День был ясный и теплый, ослепительный свет пронзал воздух. Глубоко засевший страх оседал на краю сознания. Мальчишки были все еще напуганы, но это чувство уже стало слегка привычным.

Они нашли в траве свои вчерашние следы, дошли по ним к ельнику и обнаружили Эфраима на земле в окружении брызг крови.

– Иф, что… – начал Макс, не понимая, что же он видит.

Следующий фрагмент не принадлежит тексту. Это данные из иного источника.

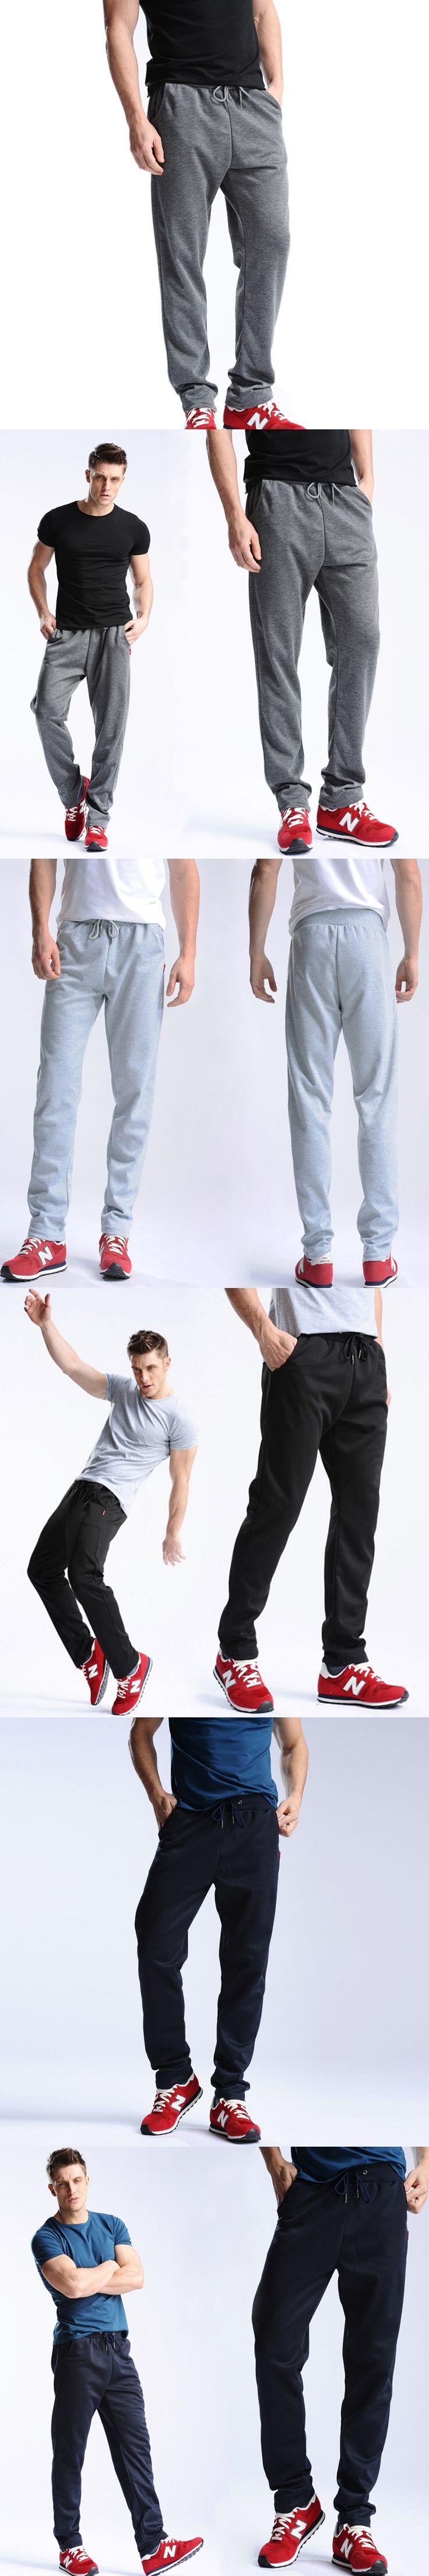 2017 Brand Casual Joggers Solid Business Compression Pants Men Cotton Sweatpants Trousers Calabasas Militar Pants

Когда в прошлом году в Шарлоттаун приехала ярмарка, на нее отправились и Макс с Эфраимом. Отец Макса довез их и купил по связке билетиков – любезность, которую мать Эфраима приняла со стоической благодарностью. Мальчишки прокатились на «Зиппере», их позвонки восхитительно пересчитало на «Комете», древних деревянных горках, которыми управлял оператор с вытатуированной на лбу паутиной – крошечный черный паук спускался к кончику носа по бледно-голубоватой нити, которую можно было принять за вену. Объевшись вафельными рожками и пирожными «муравейник», ребята наткнулись на шоу уродов, проходившее на задах ярмарки, в маленькой палатке в бело-голубую полоску. За три билетика с каждого они вошли в тесное темное помещение, пропахшее конским навозом и еще каким-то, не поддающимся описанию запахом. Уроды вышли на сцену под немногие благоговейные, а в основном брезгливые охи провинциальной толпы.

Максу вспомнилось, как он подумал тогда: «Уроды? Почему они позволили так себя называть?» Эти люди вовсе не выглядели уродливыми. У них, конечно, были татуировки и пирсинг, но ничего такого, что при встрече на улице заставило бы вас удивиться. А вот то, что трюкачи проделывали со своими телами, было действительно чудаковато. Один парень так глубоко вставлял в ноздрю шестидюймовую насадку электродрели, что острие, наверное, щекотало ему мозги, а затем засунул туда же металлический крюк – на таких в витрине мясной лавки висят ощипанные куры – и вытащил его через рот. Другой парень жевал лампочки и втыкал в руки длинные стальные иглы, насаживая себя точно жука на булавку.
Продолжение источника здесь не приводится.